═════ Collected material ═════

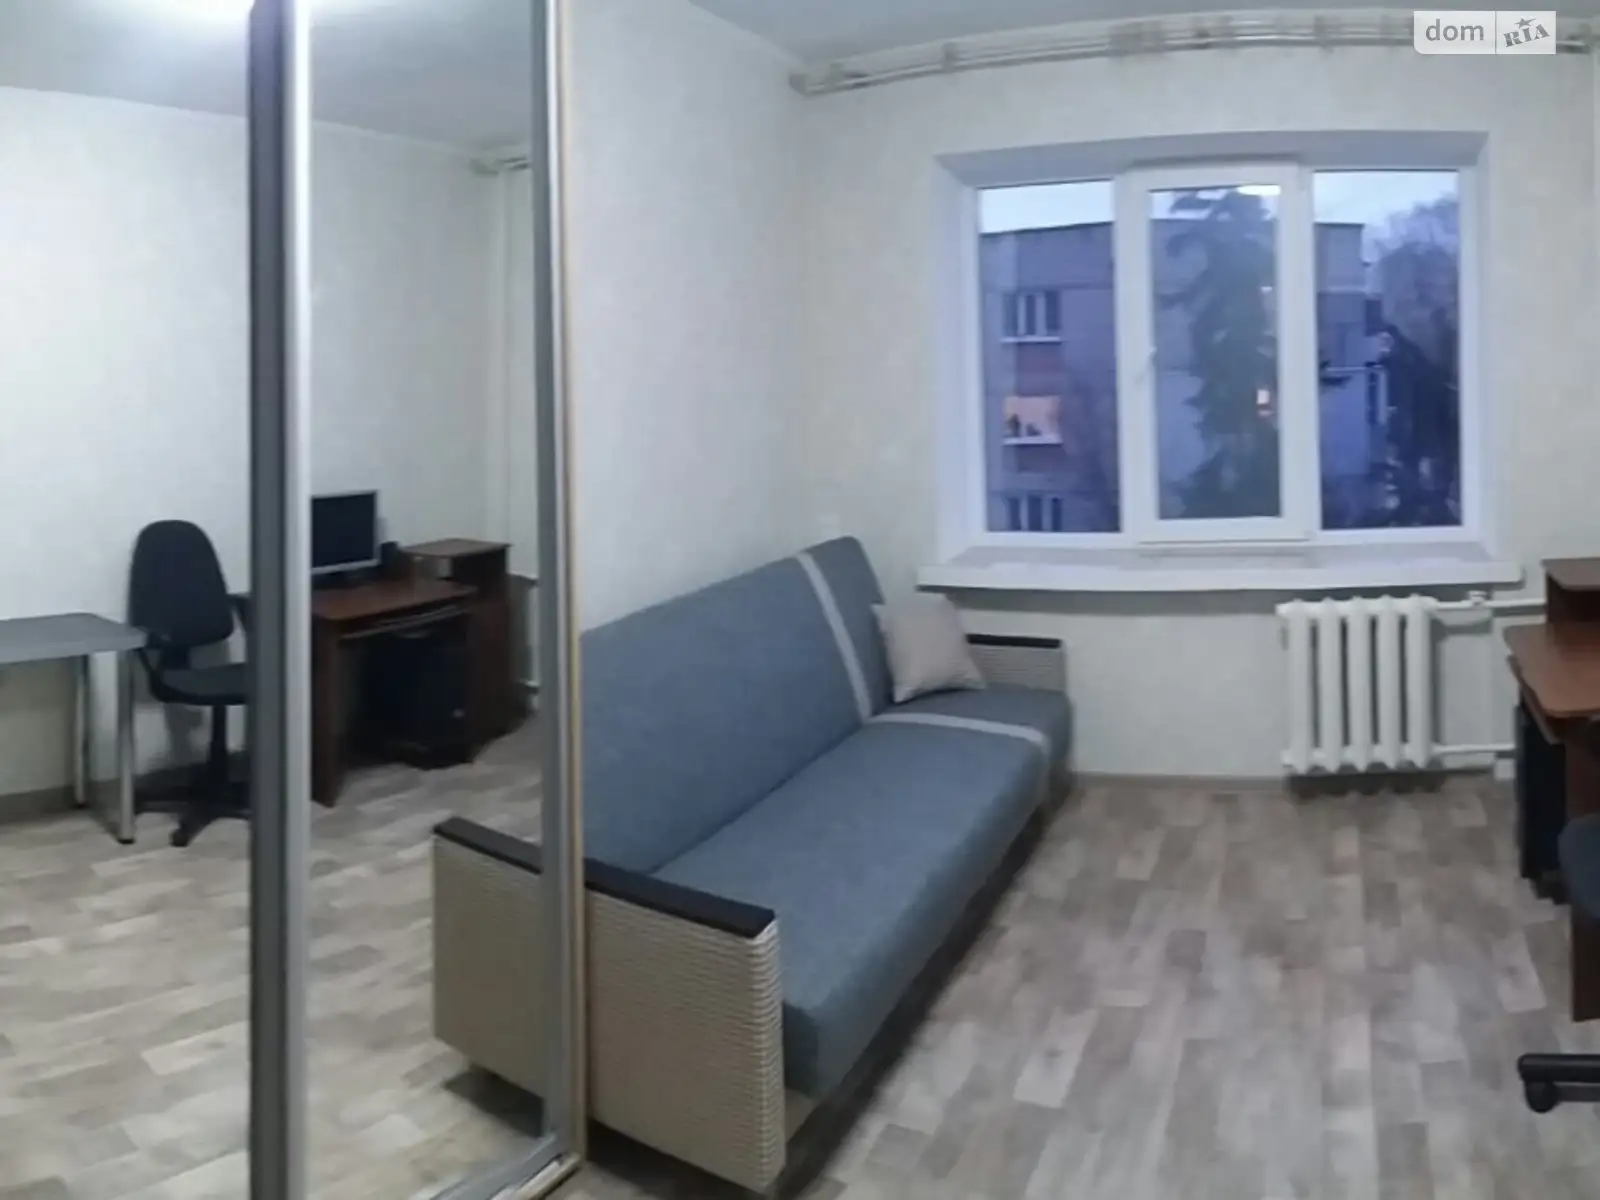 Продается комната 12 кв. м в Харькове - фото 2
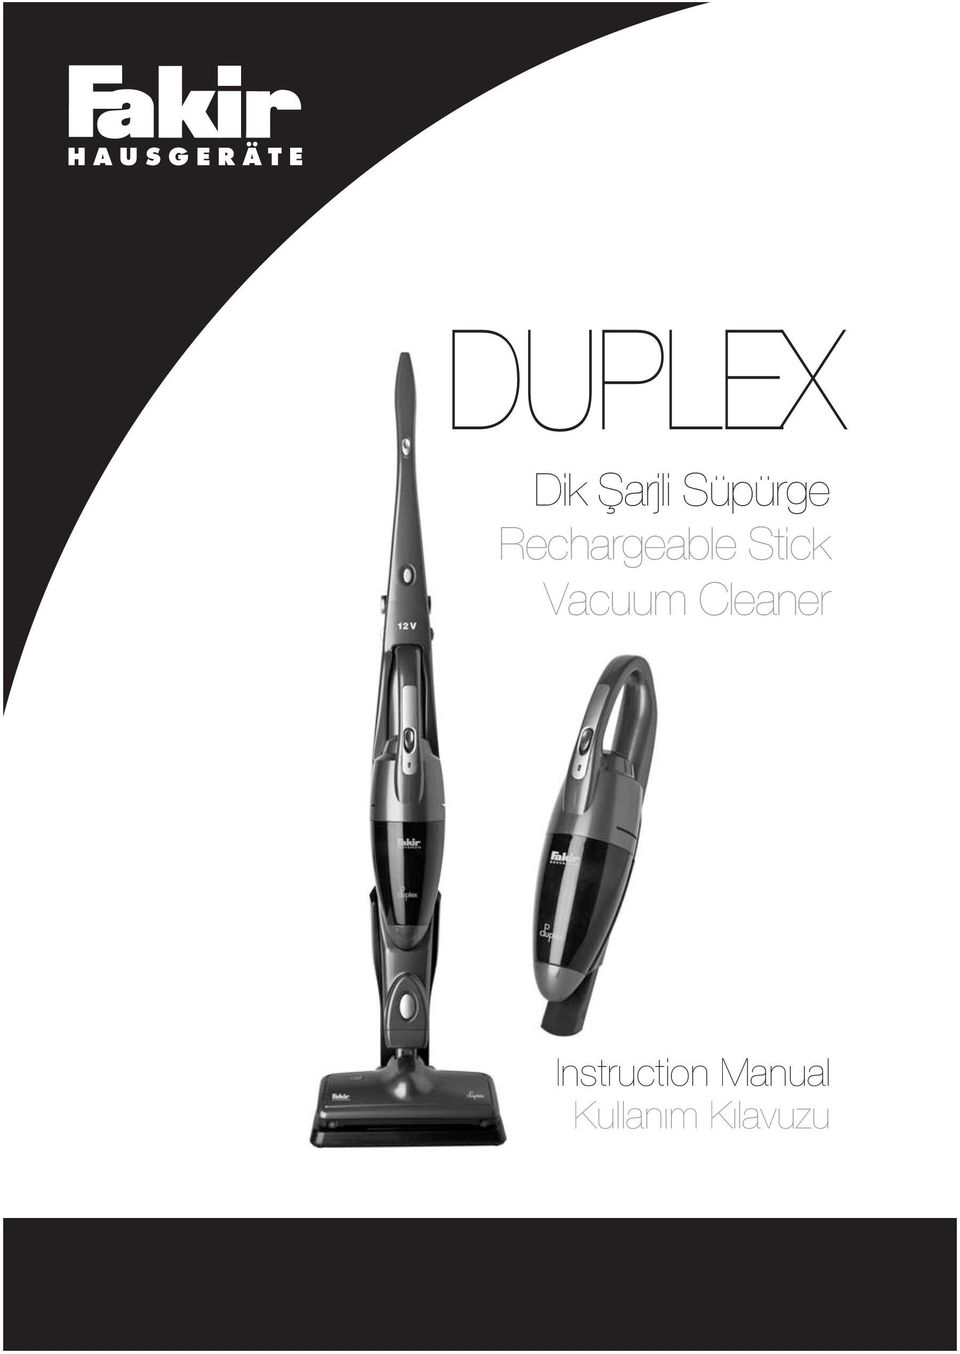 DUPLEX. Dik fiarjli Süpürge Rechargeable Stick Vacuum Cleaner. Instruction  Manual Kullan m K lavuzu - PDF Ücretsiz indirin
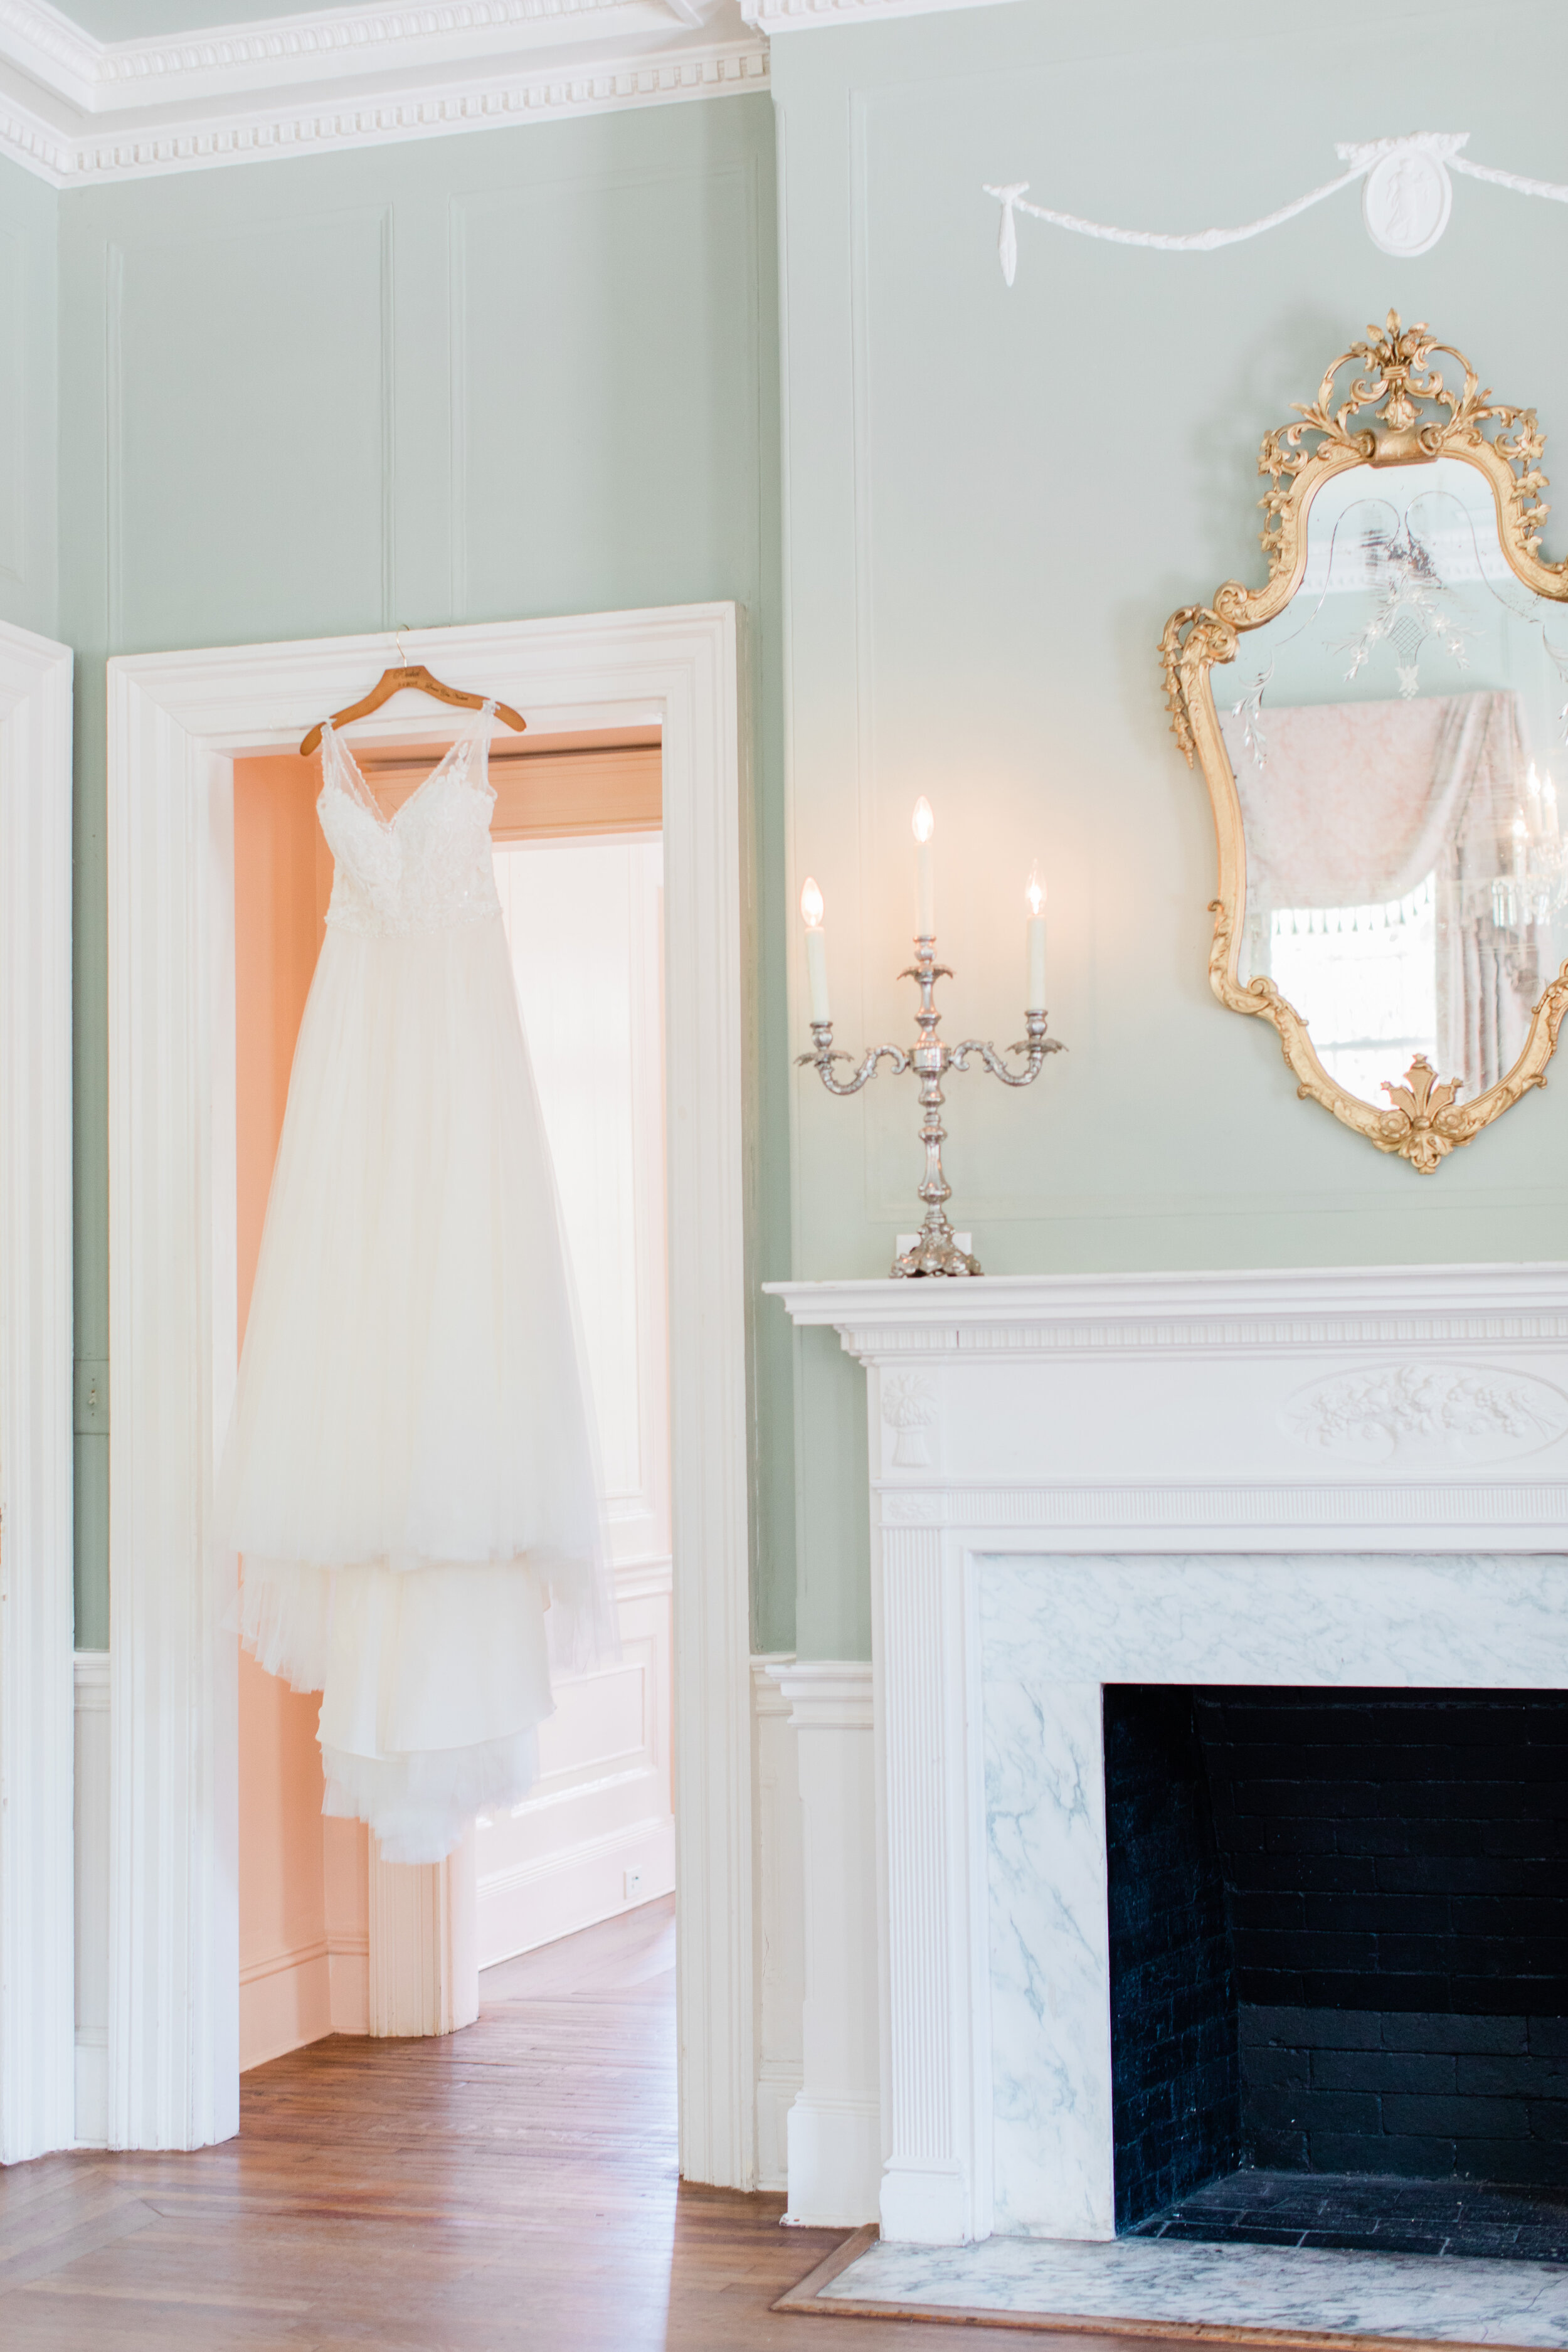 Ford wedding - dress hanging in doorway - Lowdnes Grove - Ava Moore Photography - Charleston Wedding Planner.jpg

═════

Problem details.
Please output the data above exactly as given, omitting every picture.

Reply to the task.
 Продается комната 12 кв. м в Харькове - фото 2
 DUPLEX. Dik fiarjli Süpürge Rechargeable Stick Vacuum Cleaner. Instruction  Manual Kullan m K lavuzu - PDF Ücretsiz indirin
 Ford wedding - dress hanging in doorway - Lowdnes Grove - Ava Moore Photography - Charleston Wedding Planner.jpg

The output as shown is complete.